■ What you will do
Look below for the line containing "Ankara Style Maxi" and the line containing "Stari IKEA katalozi"; repeat exactly those two lines and all lines between them, and nothing else.

(Beginning of Input data)

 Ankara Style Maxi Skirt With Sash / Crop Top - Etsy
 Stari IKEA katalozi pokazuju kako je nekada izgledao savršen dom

(End of Input data)
(Beginning of Input data)

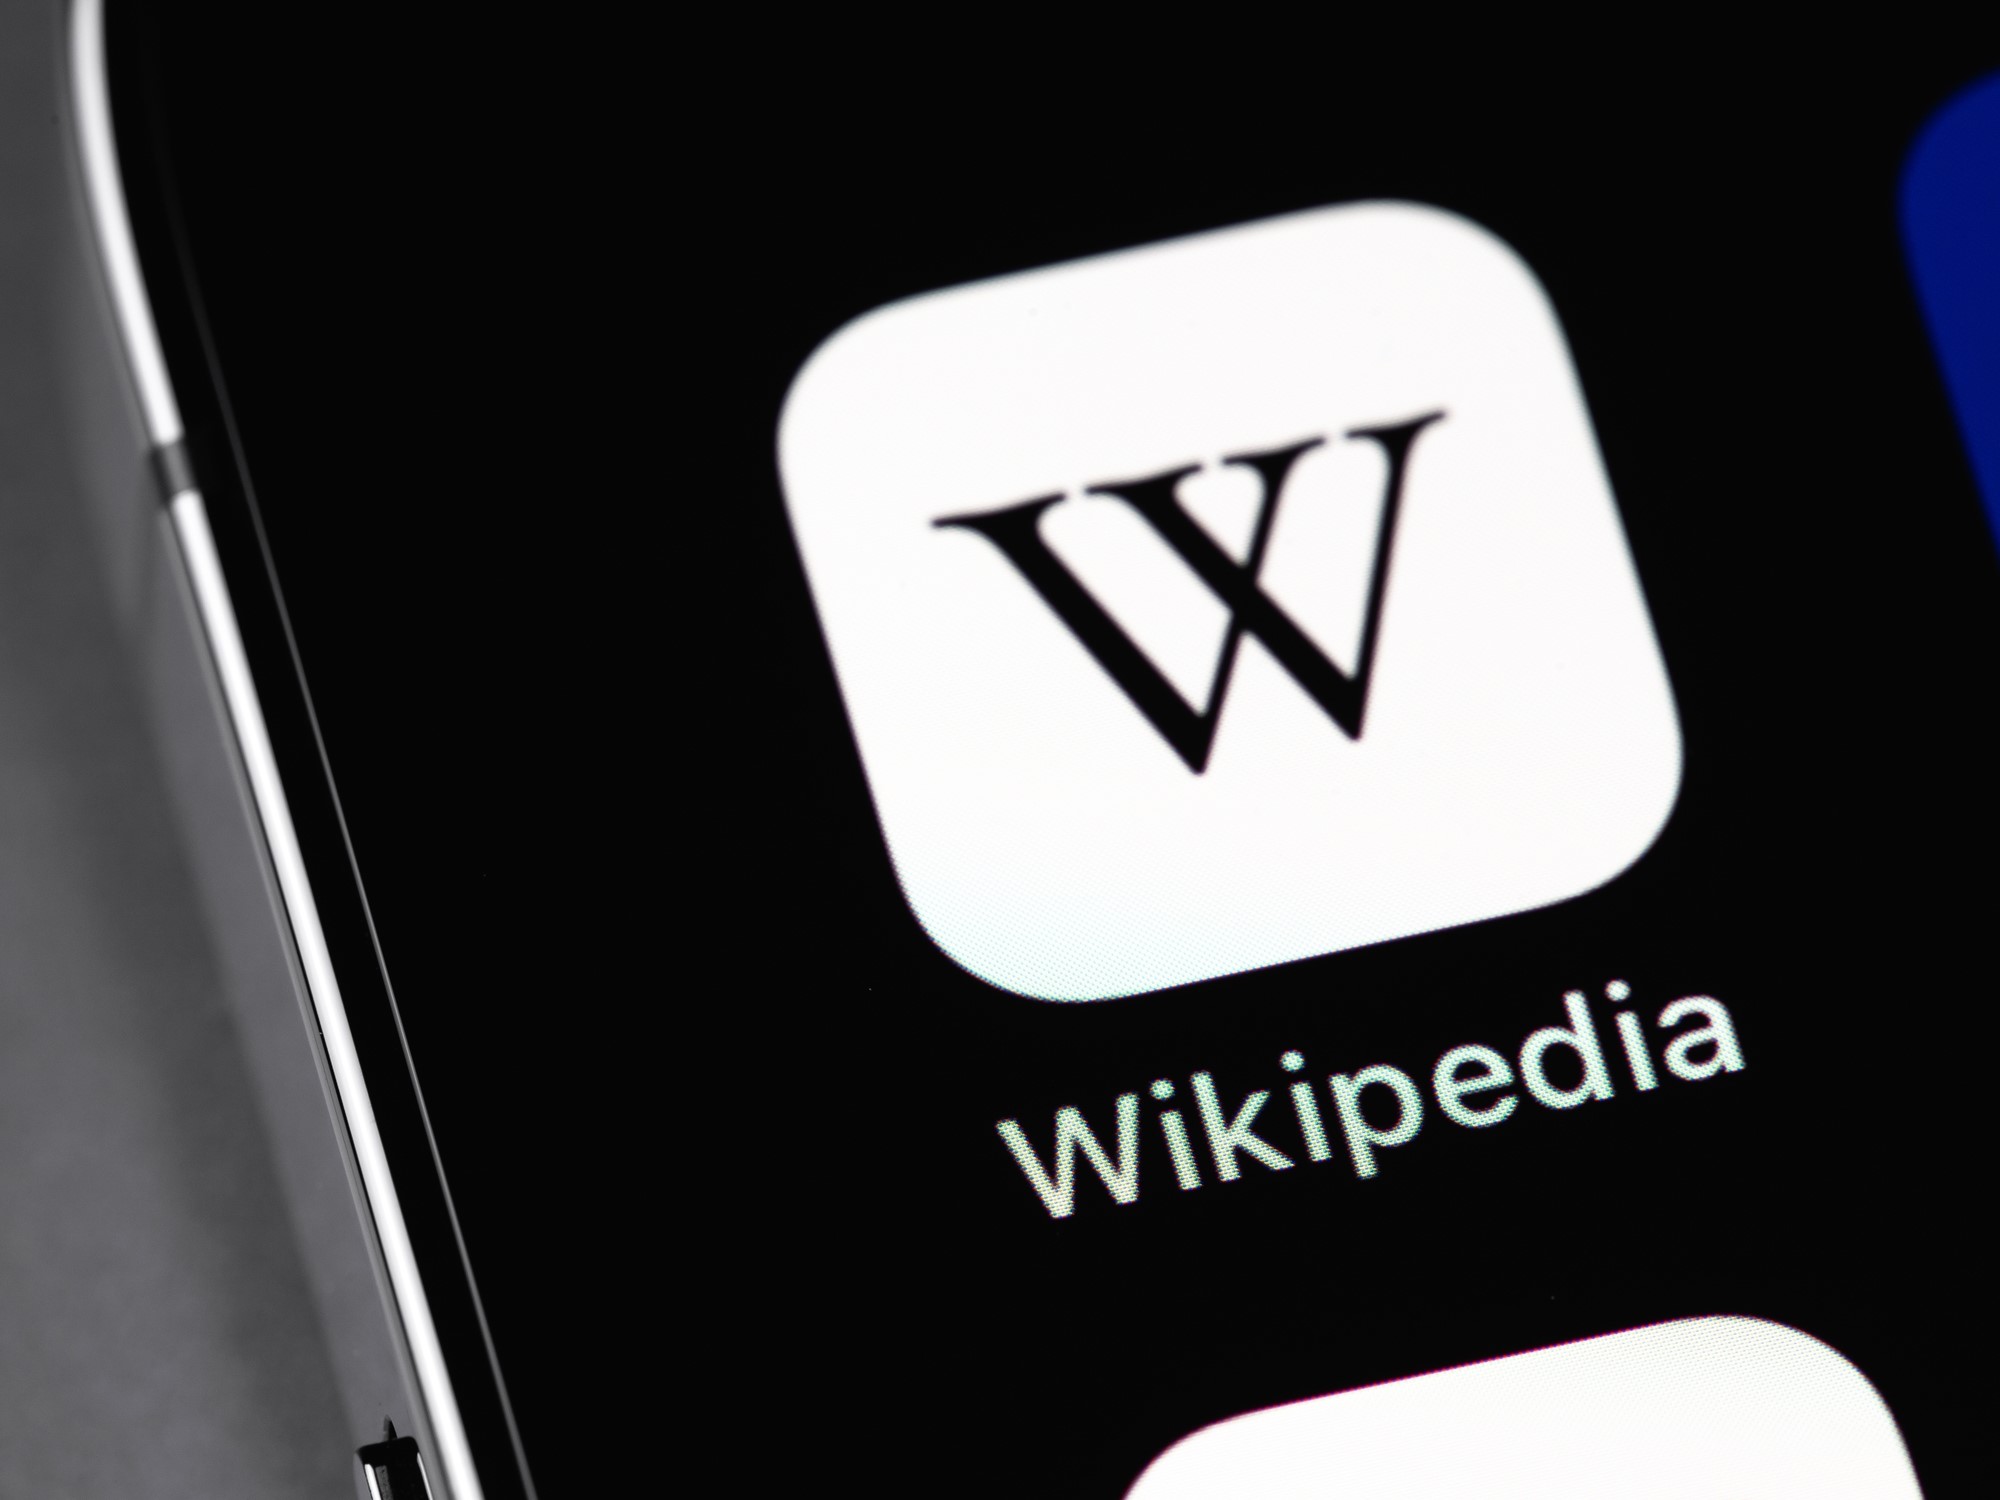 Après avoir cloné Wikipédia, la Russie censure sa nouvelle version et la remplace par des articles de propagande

(End of Input data)

■ Written answer
 Ankara Style Maxi Skirt With Sash / Crop Top - Etsy
 Stari IKEA katalozi pokazuju kako je nekada izgledao savršen dom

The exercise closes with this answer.